Spark源码分析之二：Job的调度模型与运行反馈

在《Spark源码分析之Job提交运行总流程概述》一文中，我们提到了，Job提交与运行的第一阶段Stage划分与提交，可以分为三个阶段：

1、Job的调度模型与运行反馈；

2、Stage划分；

3、Stage提交：对应TaskSet的生成。

今天，我们就结合源码来分析下第一个小阶段：Job的调度模型与运行反馈。

首先由DAGScheduler负责将Job提交到事件队列eventProcessLoop中，等待调度执行。入口方法为DAGScheduler的runJon()方法。

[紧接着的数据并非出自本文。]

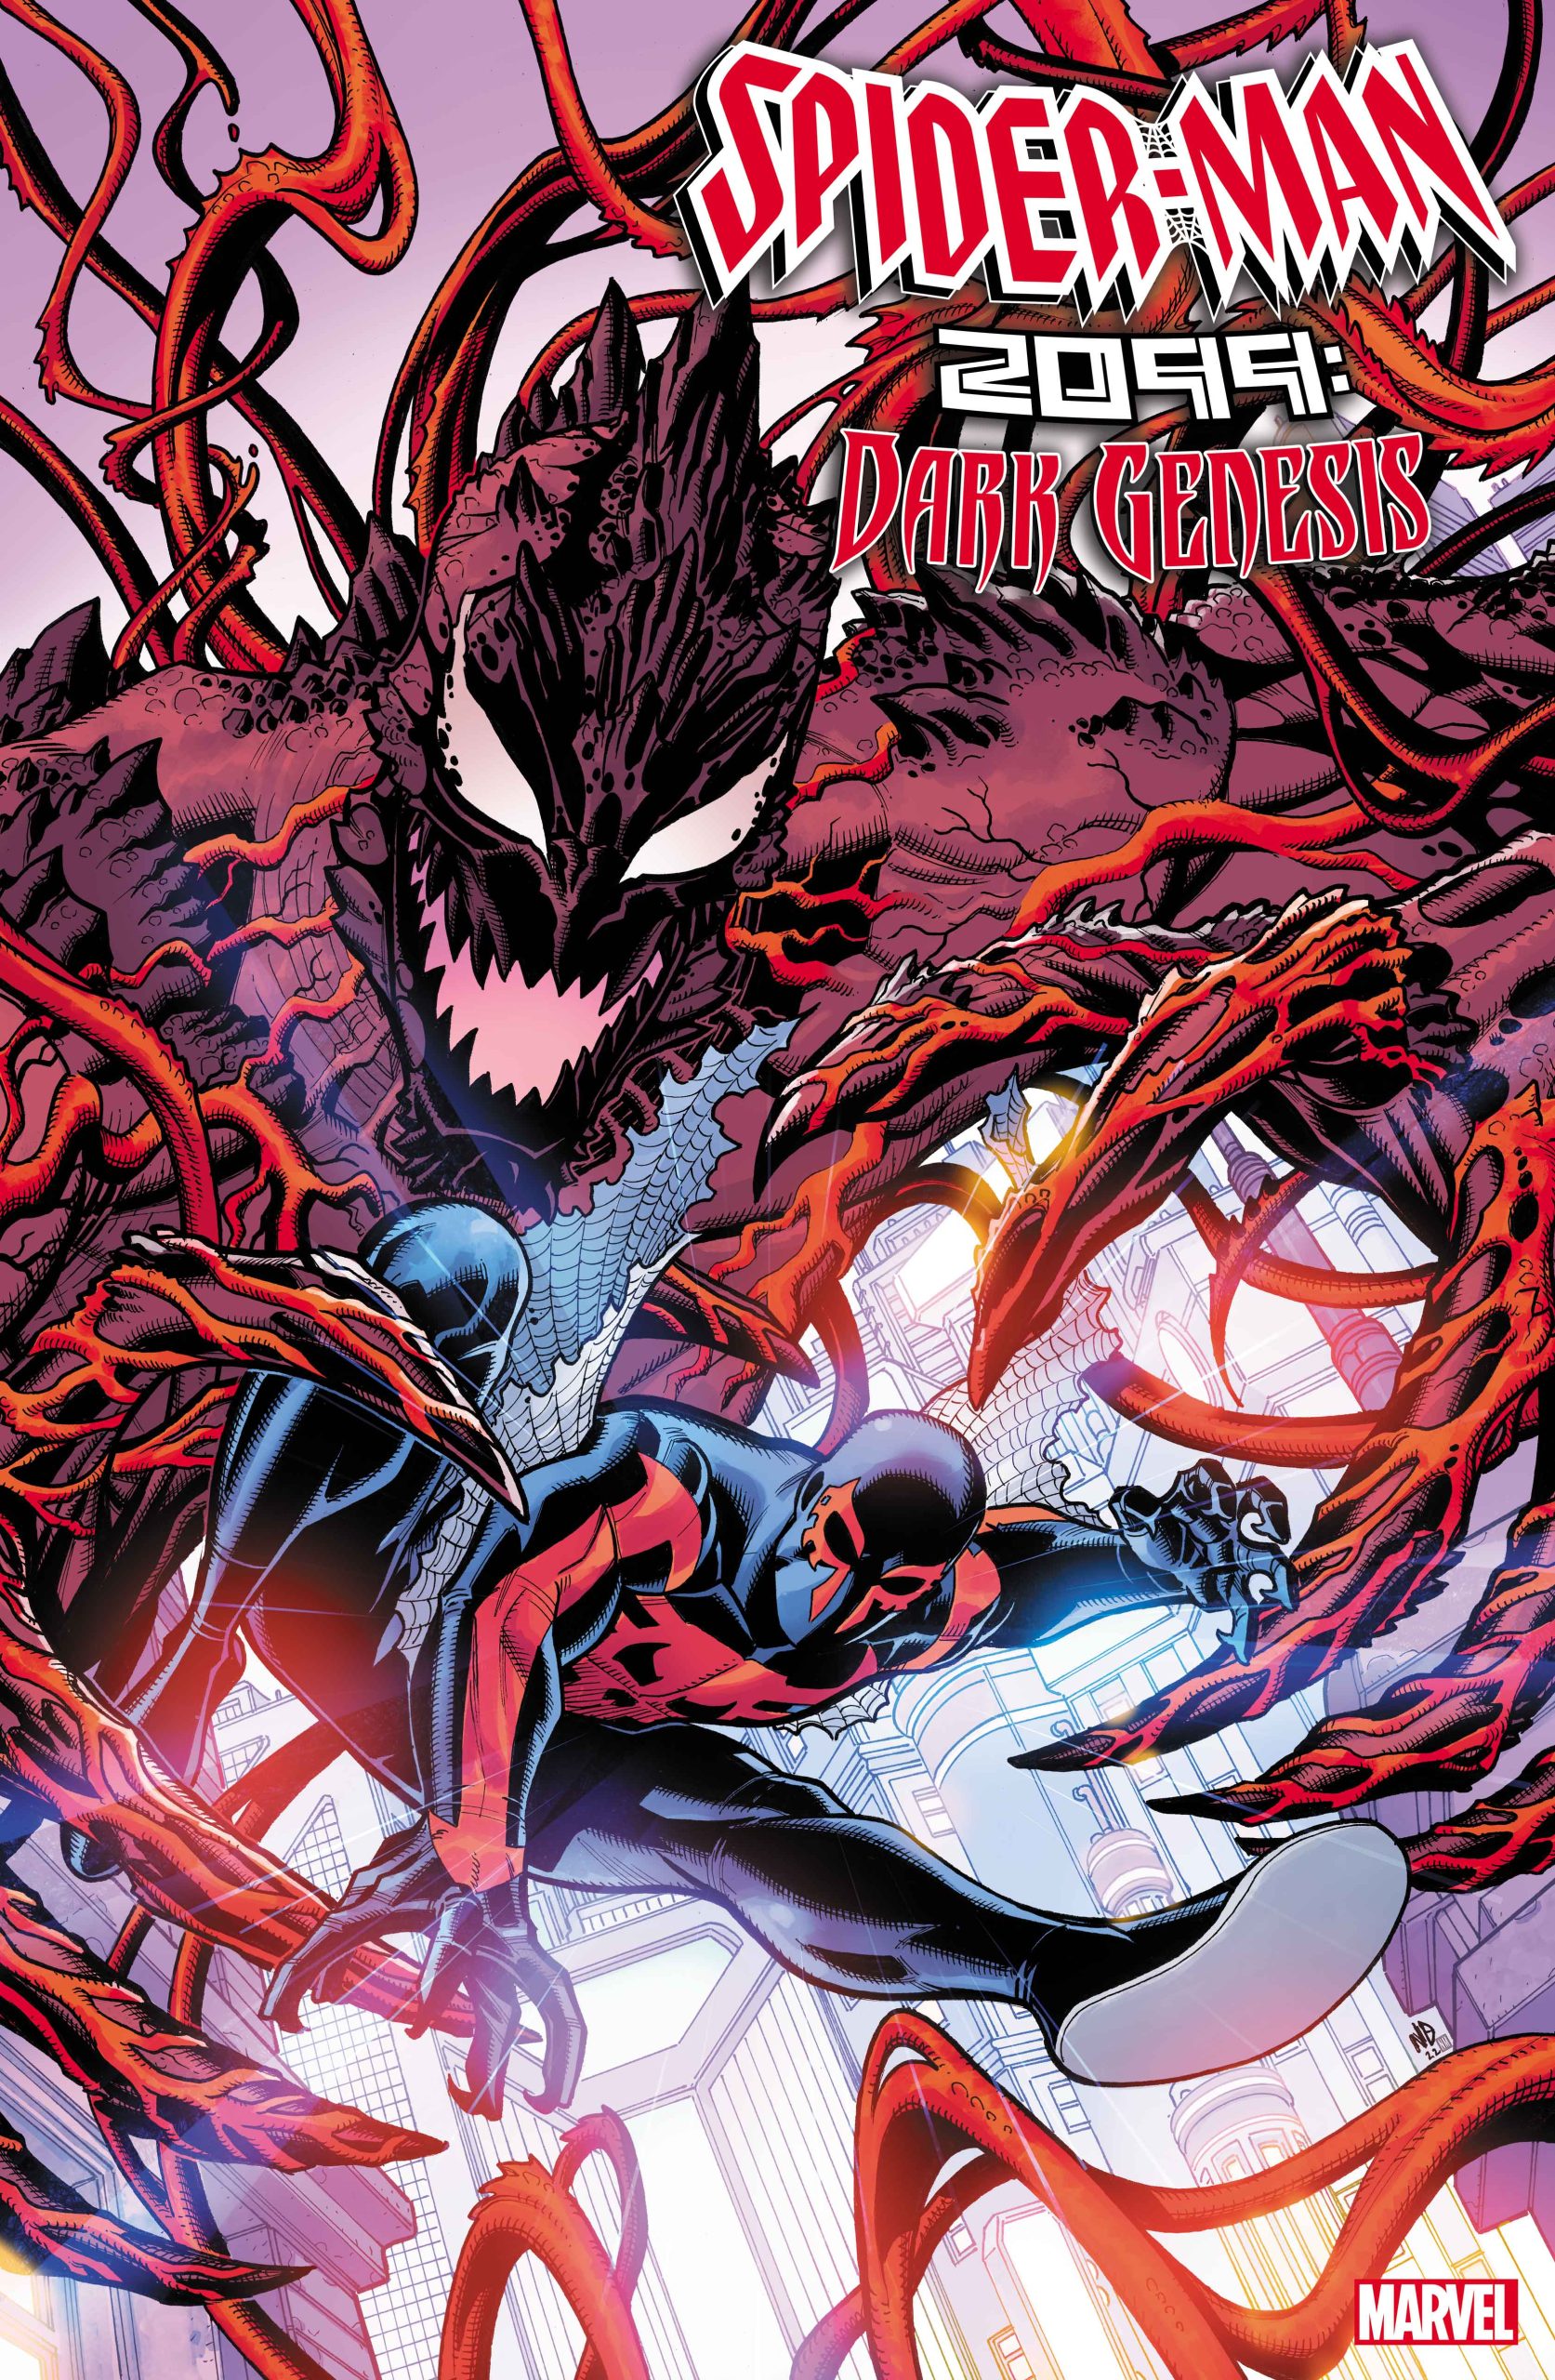 Marvel returning to world of 'Spider-Man 2099' with new series
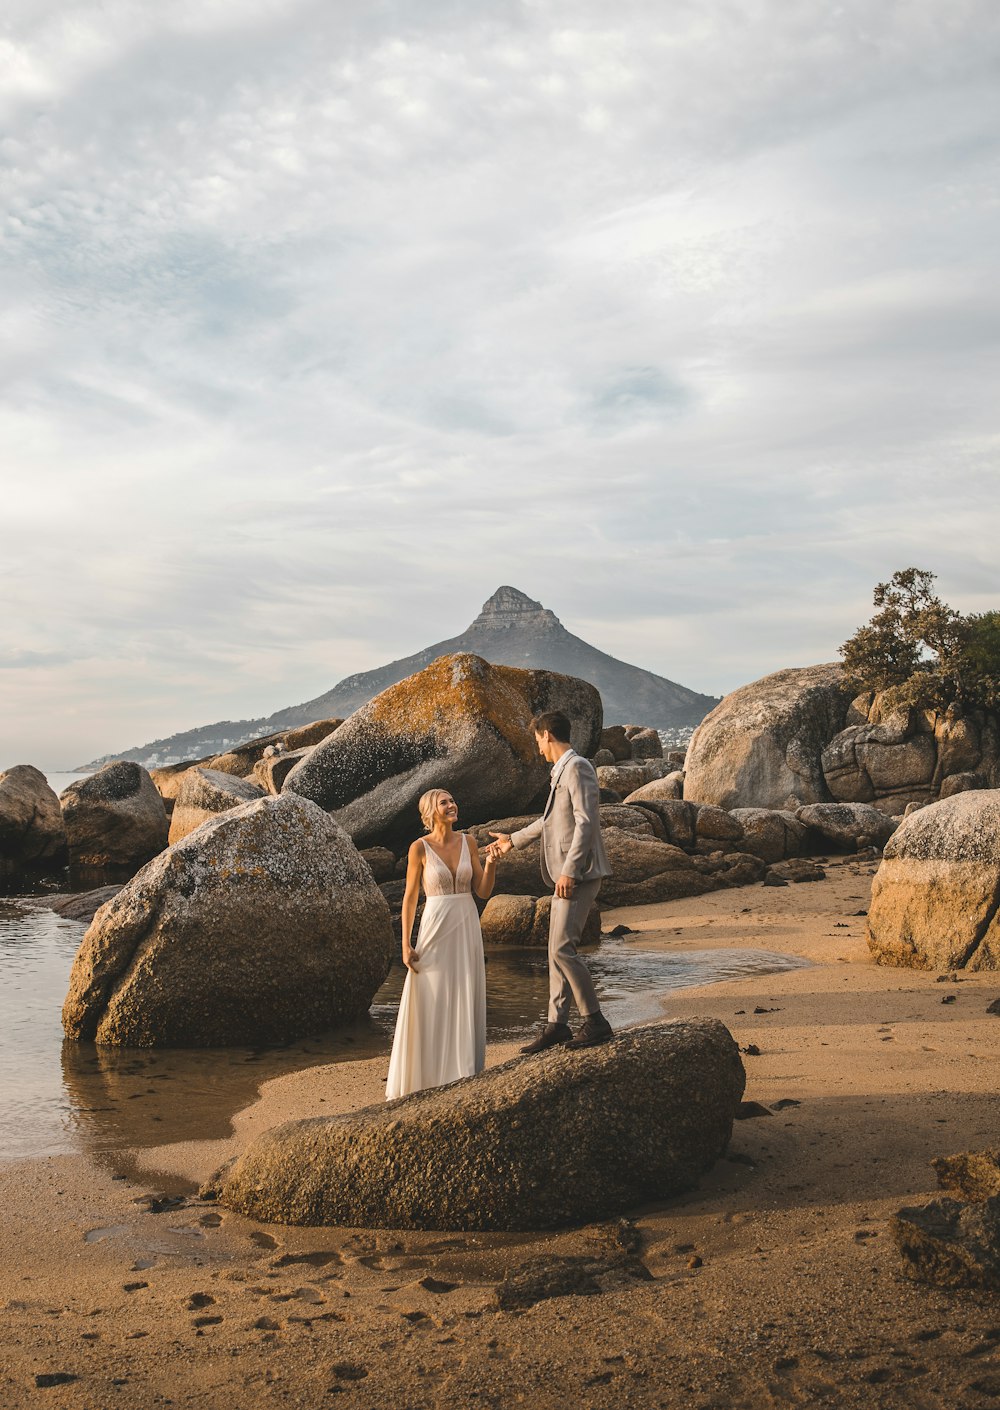 woman in white dress standing on brown rock near body of water during daytime

代码如下：

/**
* Run an action job on the given RDD and pass all the results to the resultHandler function as
* they arrive.
*
* @param rdd target RDD to run tasks on
* @param func a function to run on each partition of the RDD
* @param partitions set of partitions to run on; some jobs may not want to compute on all
* partitions of the target RDD, e.g. for operations like first()
* @param callSite where in the user program this job was called
* @param resultHandler callback to pass each result to
* @param properties scheduler properties to attach to this job, e.g. fair scheduler pool name
*
* @throws Exception when the job fails
*/
def runJob[T, U](
rdd: RDD[T],
func: (TaskContext, Iterator[T]) => U,
partitions: Seq[Int],
callSite: CallSite,
resultHandler: (Int, U) => Unit,
properties: Properties): Unit = {
// 开始时间
val start = System.nanoTime
// 调用submitJob()方法，提交Job，返回JobWaiter
// rdd为最后一个rdd，即target RDD to run tasks on
// func为该rdd上每个分区需要执行的函数，a function to run on each partition of the RDD
// partitions为该rdd上需要执行操作的分区集合，set of partitions to run on
// callSite为用户程序job被调用的地方，where in the user program this job was called
val waiter = submitJob(rdd, func, partitions, callSite, resultHandler, properties)
// JobWaiter调用awaitResult()方法等待结果
waiter.awaitResult() match {
case JobSucceeded => // Job运行成功
logInfo("Job %d finished: %s, took %f s".format
(waiter.jobId, callSite.shortForm, (System.nanoTime - start) / 1e9))
case JobFailed(exception: Exception) =>// Job运行失败
logInfo("Job %d failed: %s, took %f s".format
(waiter.jobId, callSite.shortForm, (System.nanoTime - start) / 1e9))
// SPARK-8644: Include user stack trace in exceptions coming from DAGScheduler.
val callerStackTrace = Thread.currentThread().getStackTrace.tail
exception.setStackTrace(exception.getStackTrace ++ callerStackTrace)
throw exception
}
}

runJob()方法就做了三件事：

首先，获取开始时间，方便最后计算Job执行时间；

其次，调用submitJob()方法，提交Job，返回JobWaiter类型的对象waiter；

最后，waiter调用JobWaiter的awaitResult()方法等待Job运行结果，这个运行结果就俩：JobSucceeded代表成功，JobFailed代表失败。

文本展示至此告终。